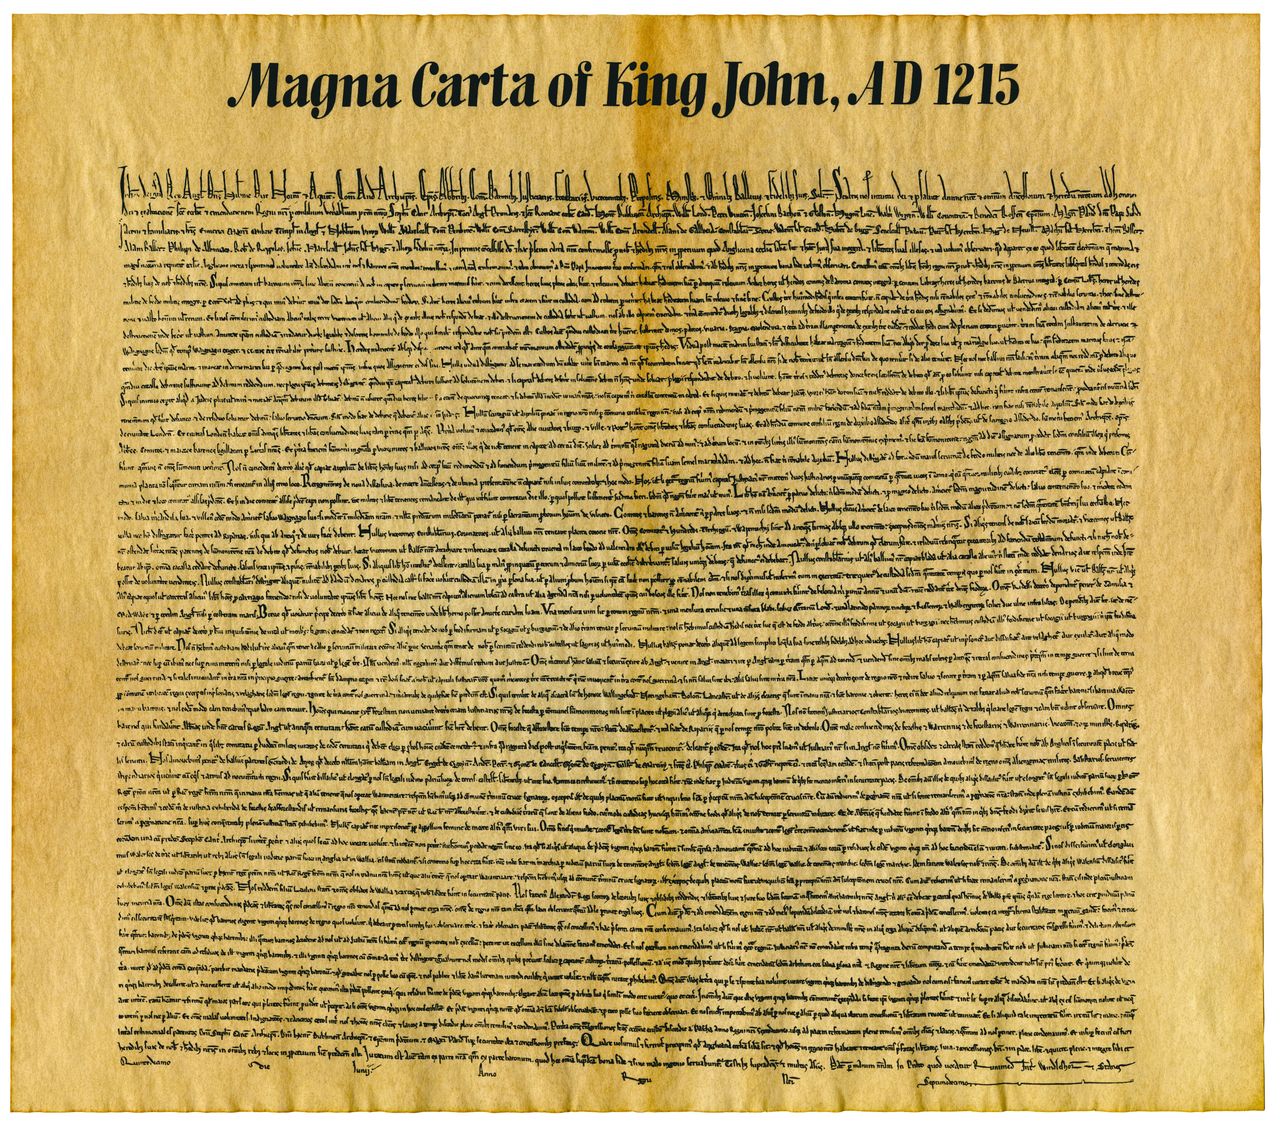 Magna Carta or Magna Carta Libertatum, is an English legal charter that required King John of England to proclaim certain rights, respect certain legal procedures, and accept that his will could be bound by the law.
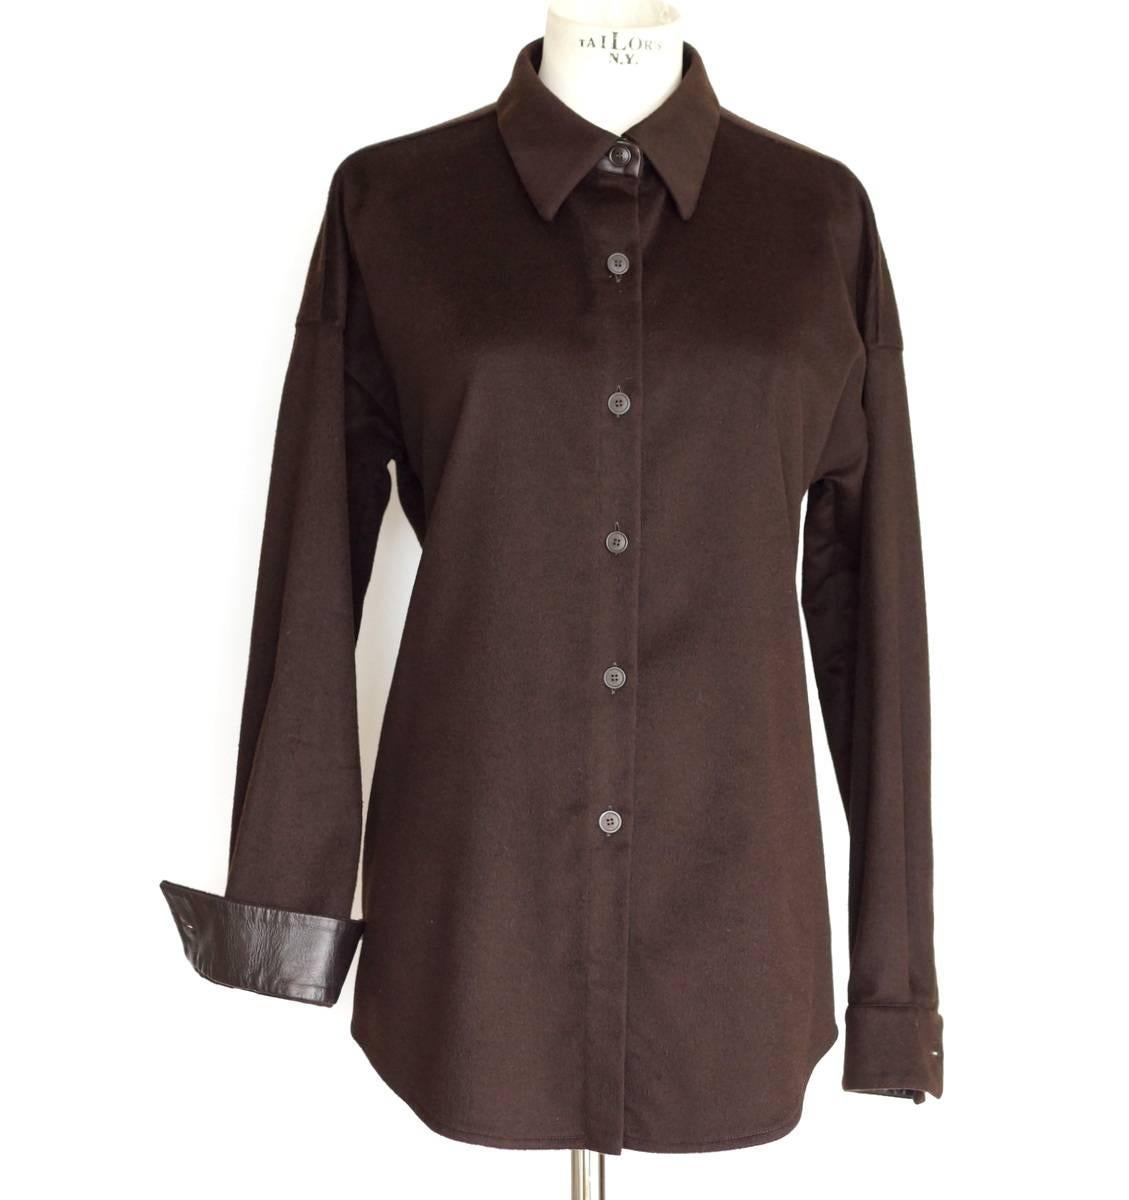 Agnona Shirt Cashmere and Leather Details Rich Chocolate Brown 46 2
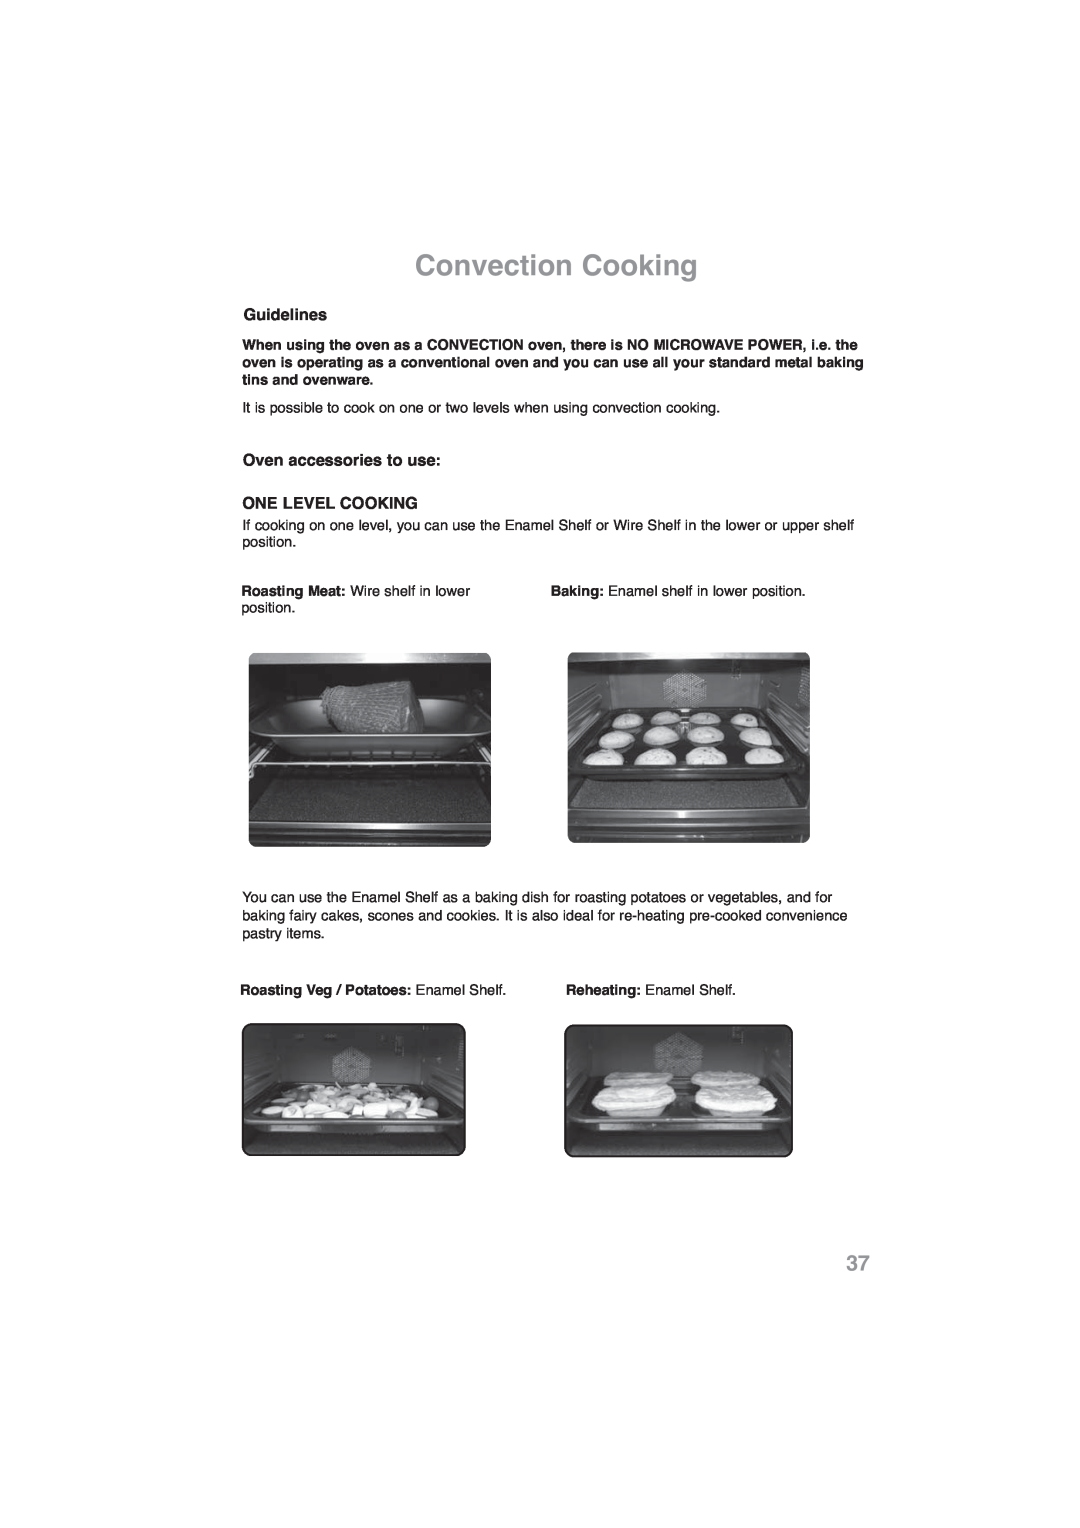 Panasonic NN-CF778S, NN-CF768M Convection Cooking, Guidelines, Oven accessories to use ONE LEVEL COOKING

YOUR ASSIGNMENT |
The response should reproduce all the material above exactly and leave out its pictures.

RESPONSE FOR THIS EXERCISE |
 Magna Carta or Magna Carta Libertatum, is an English legal charter that required King John of England to proclaim certain rights, respect certain legal procedures, and accept that his will could be bound by the law.
 Agnona Shirt Cashmere and Leather Details Rich Chocolate Brown 46 2
 Panasonic NN-CF778S, NN-CF768M Convection Cooking, Guidelines, Oven accessories to use ONE LEVEL COOKING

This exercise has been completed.